There's no question that this country is already rich in its holding of works by Turner. But the great majority of watercolours in the Turner bequest are sketches and preliminary studies, vital for the study by artists and art historians but not in the same league as The Blue Rigi. The Rigi Watercolours exhibition (opening 22 January) will for the first time show the work alongside both its companions and the preparatory material: visit the exhibition and judge for yourself.

For over a hundred years The Art Fund has campaigned to put great works of art into our public collections. Every time, the challenge has been steep, and the price has seemed high. £45,000 to buy Velázquez's 'Rokeby Venus' was widely regarded as outrageous in 1906 - but how many would doubt that this was a great investment?

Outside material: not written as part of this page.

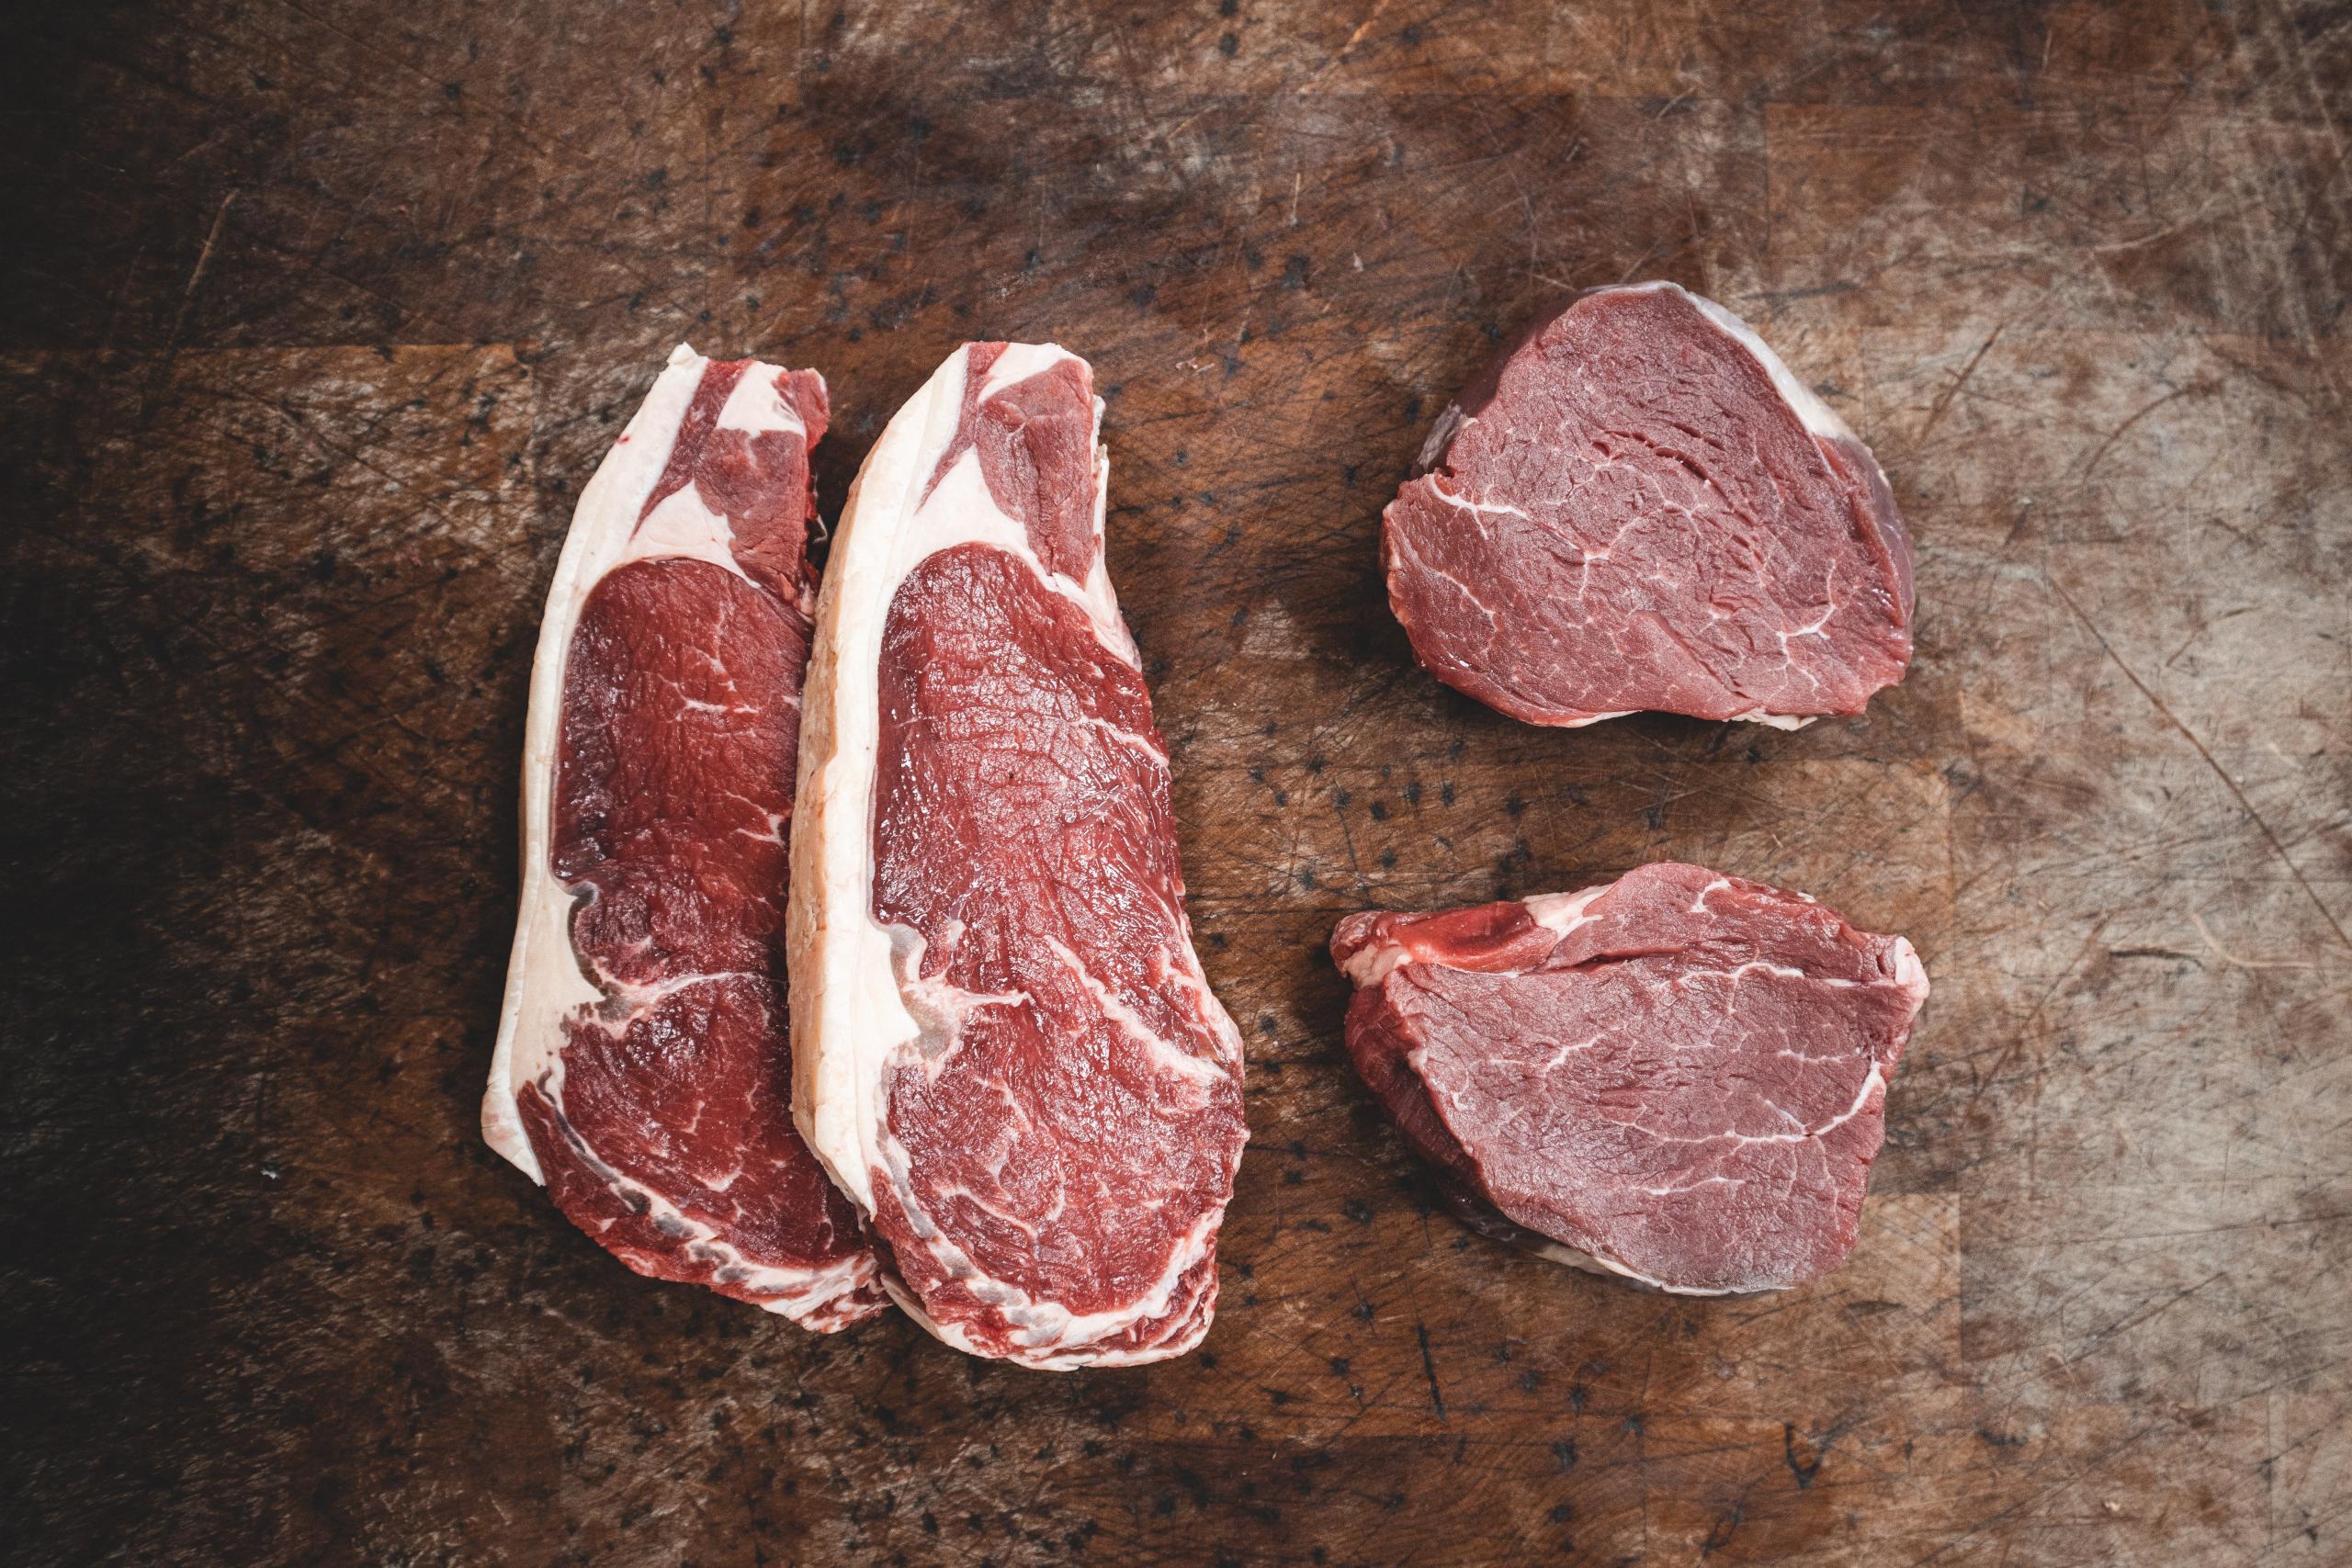 Hovězí maso - jaké části na co použít? | Apetit Online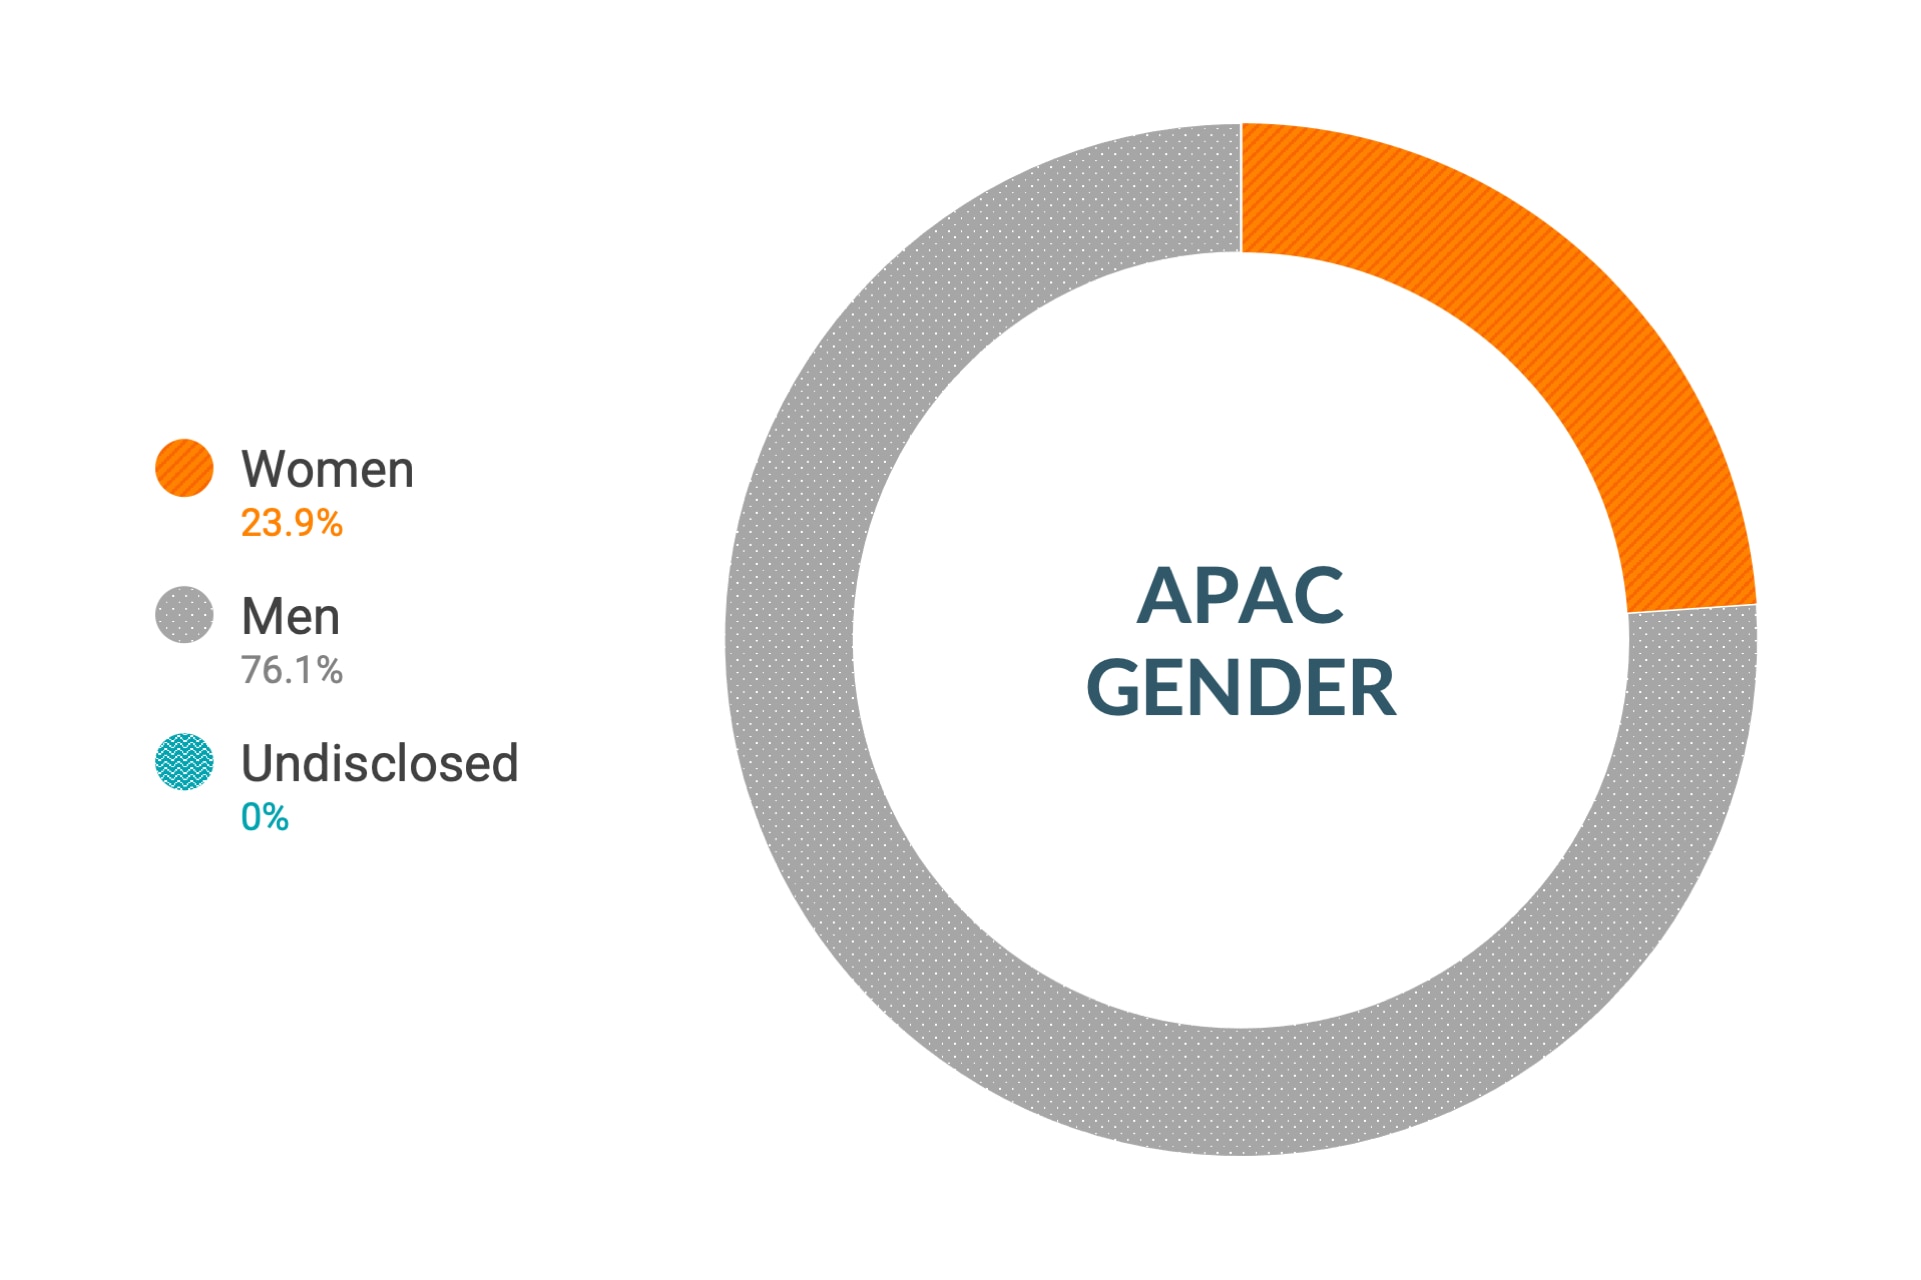 Dane firmy Cloudera dotyczące różnorodności i integracji dla płci w regionie Azji i Pacyfiku: kobiety 26%, mężczyźni 74%

Turner's Blue Rigi is another truly remarkable work. It is not a piece of art you will walk past without noticing. It is a work which represents the very highest achievement in watercolour by an artist who made the medium his own. As Turner's great champion, John Ruskin, put it: '(These works) will be recognised, in a few more years, as the noblest landscapes ever yet conceived by human intellect.' It should be in Britain's national collection for future generations to enjoy, and you can help us put it there.